VIRTUALLY all the Orang Asli households in the peninsula are in the income bracket of the poorest 40% of Malaysians, says NGO the Center for Orang Asli Concerns.

The centre estimates that 54,600 or 99.29% of all Orang Asli households earn below RM4,000 a month, putting them in the B40 category.

The poverty trap is hard to get out of, according to a 2013 paper, ‘Orang Asli in Peninsular Malaysia: population, spatial distribution and socio-economic condition’ (Masron et al).

Customary land

The main reason is the dispossession of their native customary land, which has been the source of their livelihoods.

“Deprived of their land, they are increasingly pushed from a subsistence economy into the prevailing cash economy,” the paper reports.

Except for a very small number of groups who are semi-nomads, official reports estimate that around 60% of Orang Asli actually live in or close to urban centres and most are connected to contemporary economies.

According to Masron, some groups have actually done so for hundreds of years.

Economic activities

Currently, the communities’ main economic activities are harvesting and selling forest products such as petai, durian and rattan; managing and selling products from rubber, oil palm or fruit and vegetable smallholdings; and wage jobs in towns and cities.

Still, the majority is not integrated into mainstream society, either by choice or lack of choice due to discrimination and lack of education.

Because of malnutrition and poverty, Orang Asli are also vulnerable to diseases. Access to healthcare remains challenging.

No options

As a result, the government’s pandemic lockdown hit a lot of them hard. “With no income, no access to alternative avenues of income, and no natural food source, their hands are completely tied,” stated the COVID-19 Collective for Orang Asli, a group coordinating Orang Asli Covid-19 relief efforts.

Post MCO, the collective is continuing to raise funds for the Orang Asli. The site has a map with all the village locations and groups helping to provide relief.

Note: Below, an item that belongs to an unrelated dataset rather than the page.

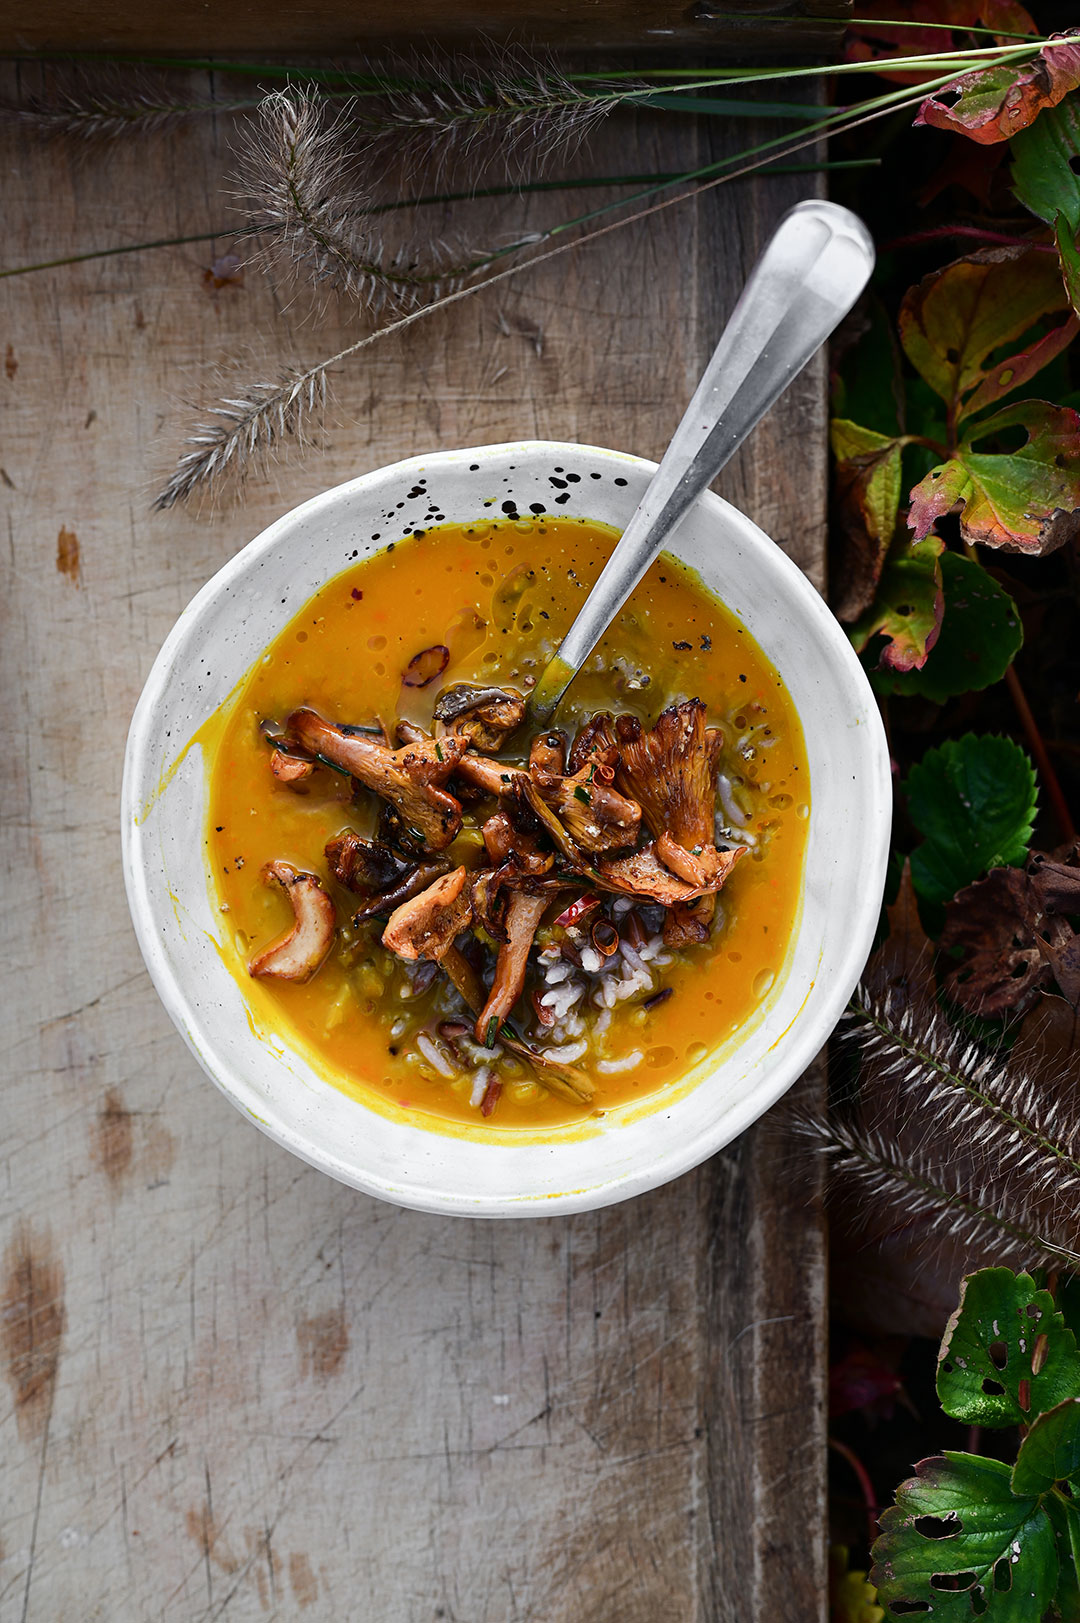 Roasted pumpkin soup with wild rice and miso mushrooms - Serving Dumplings

Photo: Pos Lanai Orang Asli transport their forest durian to urban centres for sale. Revenues that Orang Asli earn from these activities are enough only to put them in the bottom income bracket. (Credit: Jeffry Hassan)


Ref: Masron, T. & Masami, F. & Ismail, Norhasimah. (2013). Orang Asli in Peninsular Malaysia: population, spatial distribution and socio-economic condition. J. Ritsumeikan Soc. Sci. Hum.. 6. 75-115.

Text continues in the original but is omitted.